Hi all,
I'm trying to implement K-means on a database.I have a table like this:
The main task is to group id's and return them based on similarity in intensities depending on the number of clusters that the user want to see them.
id I1 I2 I3 I4 I5
1 1 2 3 4 5
2 11 12 13 14 15
3 21 22 23 24 25
there may several thousands of id's with their respective intensities
What to do is
Place K points into the space represented by the objects that are being clustered. These points represent initial group centroids.
Assign each object to the group that has the closest centroid.
When all objects have been assigned, recalculate the positions of the K centroids.
Repeat Steps 2 and 3 until the centroids no longer move.

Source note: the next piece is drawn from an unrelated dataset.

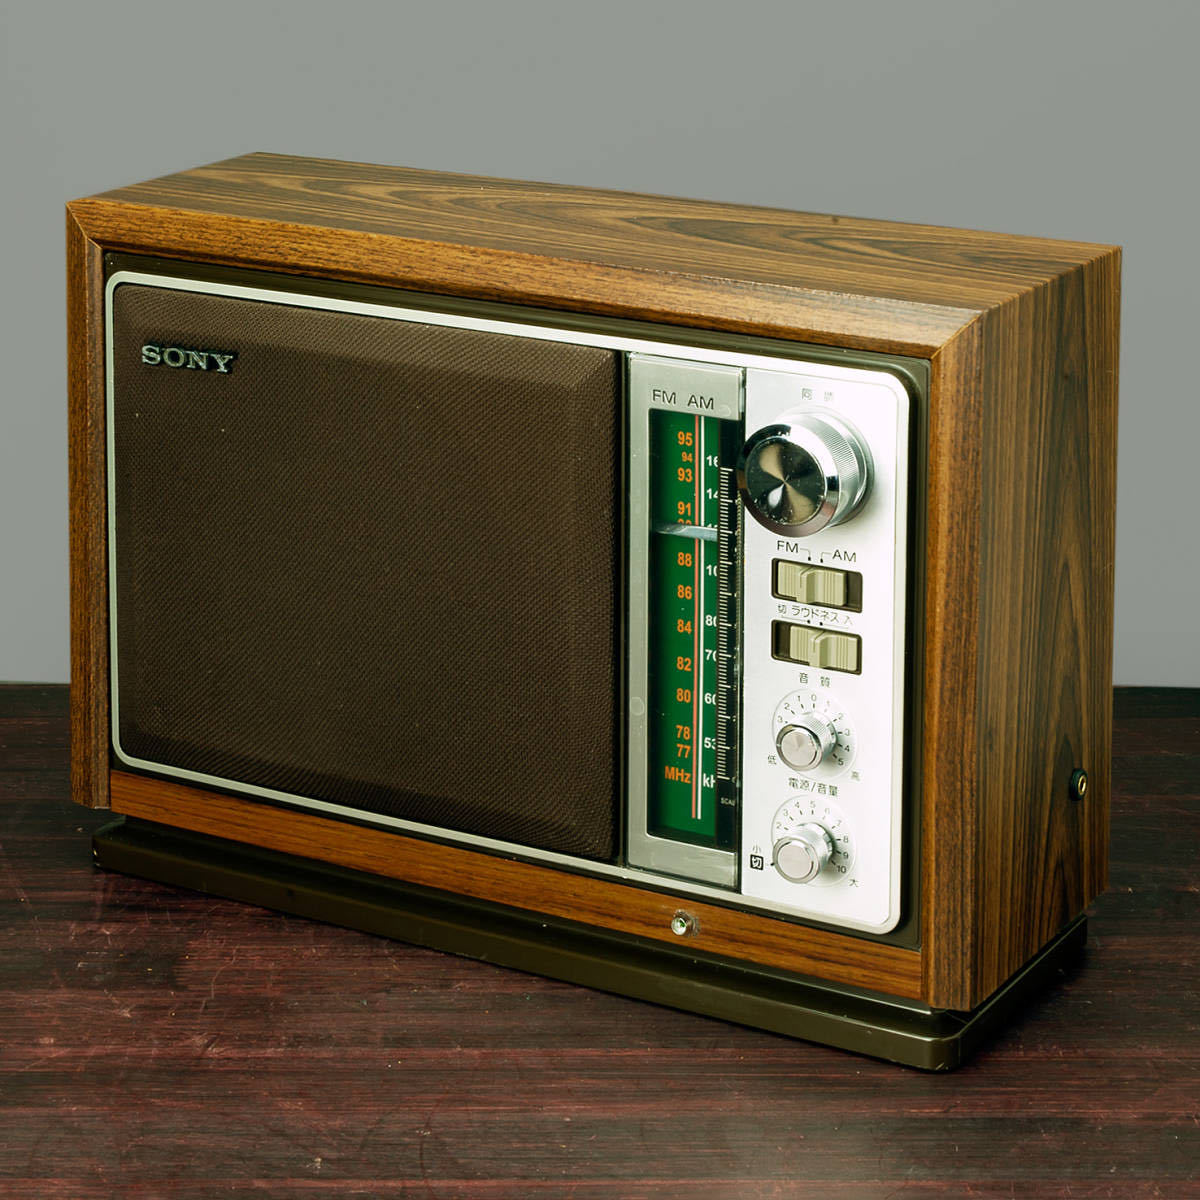 SONY トランジスターラジオ ICF-9740 AM/FM2BAND FMは95MHzまで受信OK！インテリア性抜群の修正修復整備品 _画像3

This produces a separation of the objects into groups from which the metric to be minimized can be calculated.
In my case objects are the intensities that are extracted from a database and k points are random intensities among the extracted intensities.If I give the value k = 3 then it has to make 3 clusters out of the database by using the above method. (http://people.revoledu.com/kardi/tutorial/kMean/NumericalExample.htm)
distance in our case is sqrt (sum(diff(observed intensities - random k intensities)square))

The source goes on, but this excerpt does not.